3) browsing from the phone to outside their network (say for Berbee free services or other IP phone HTTP apps)
4) ICMP traffic (ability to ping the phones)
5) HTTP traffic (ability to browse to a phone for firmware info however may be good to have this disabled)
I was just curious to see how some people that have implemented access lists are doing this.
Thanks,
Matt
06-17-2004 12:28 PM
I approched the situation a little differently.
I had all of my voice subnets (IP Phones, CER, Unity, CCM, and gatekeepers) behind a two PIX's. I then have ACL's that allow any Voice related traffic to come through the PIX.

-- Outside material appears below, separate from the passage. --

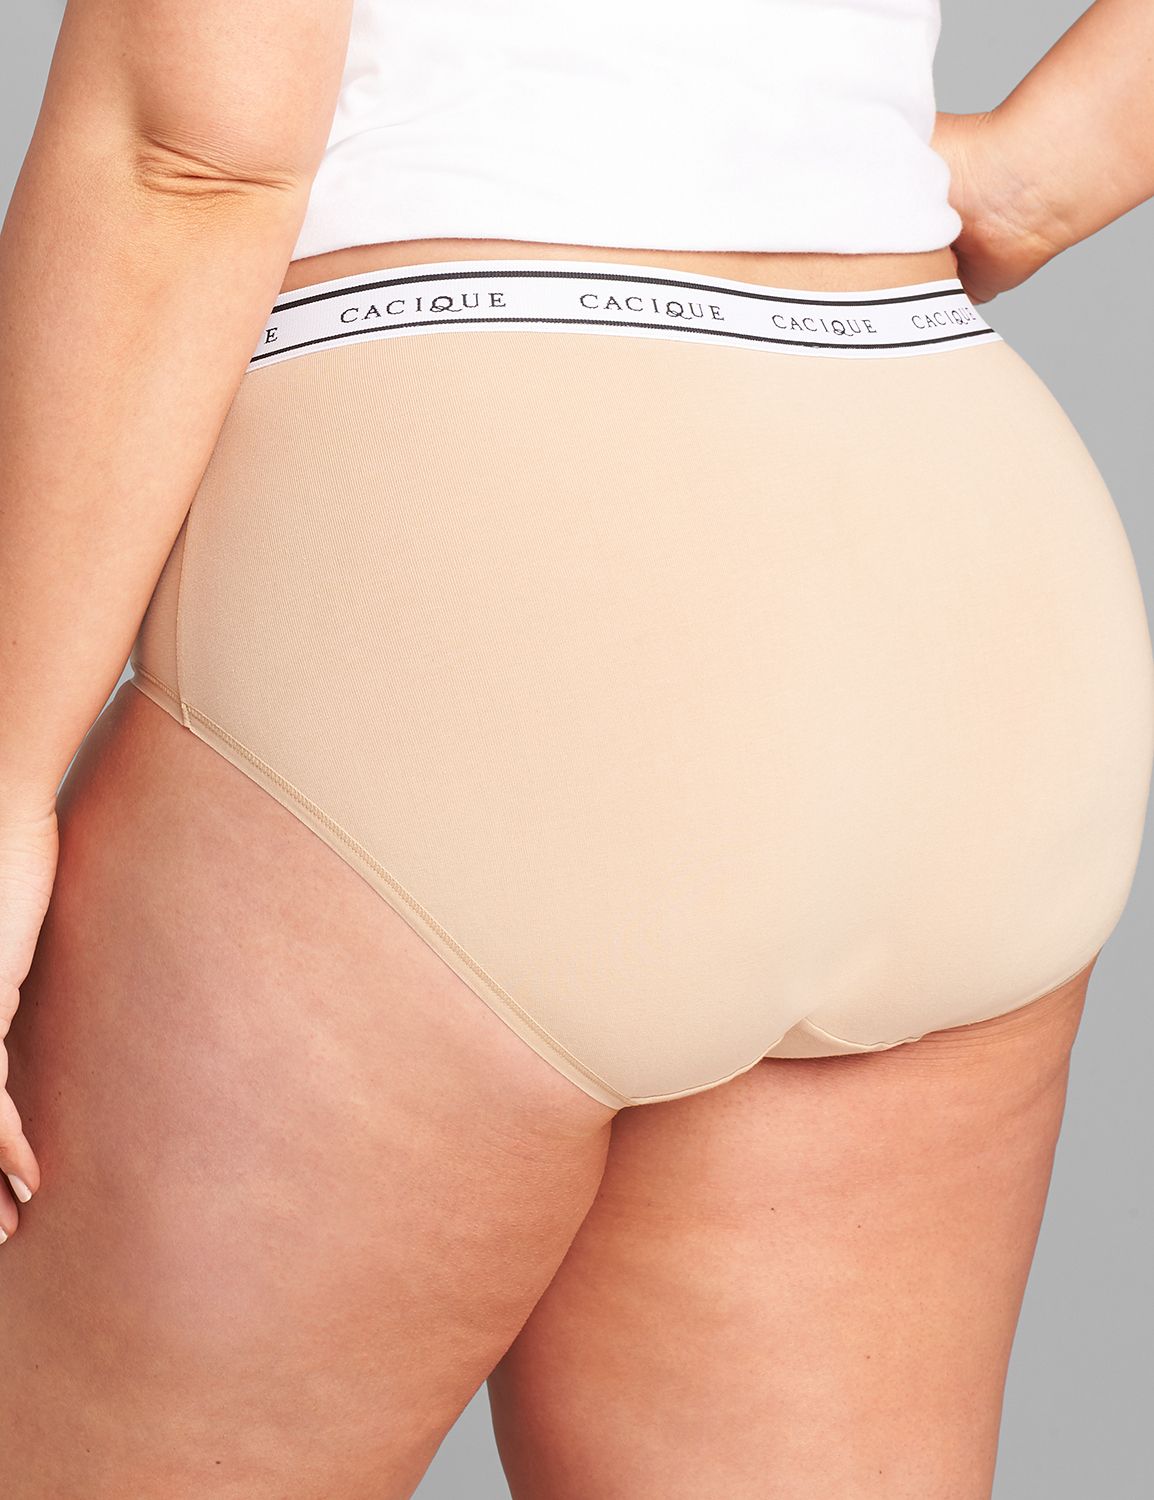 Lane Bryant Cotton Full Brief Panty / Pop The Bubbly

Makes it a lot easier since outbound connections (to Berbee) are fine since the IP phones are starting the connection. And inter-subnet communication happens without having to have huge ACL to explicitly allow this.
I then trunk the VLAN's from my core voice switch into my user switches. So that all voice is behind the firewall and data traffic is on the other side.
06-18-2004 07:29 AM
I had looked at this option, but was a bit concerned about conention at the PIX end, depending on what type of pix and interfaces were installed. Which PIX model are you using, If I might ask. Also by the sound of it, you have your Voice and Data networks atonomous of each other?
06-18-2004 08:14 AM
Yes, my voice and data L3 is seperate, even though it uses the same access layer switches.
I am using two PIX 515E which is plenty since it supports 130K concurrent connections and 188Mbps throughput. Remeber all my voice is on the same side so the only thing coming into the device is outside CCM cluster traffic and outbound requests from phone via IP services.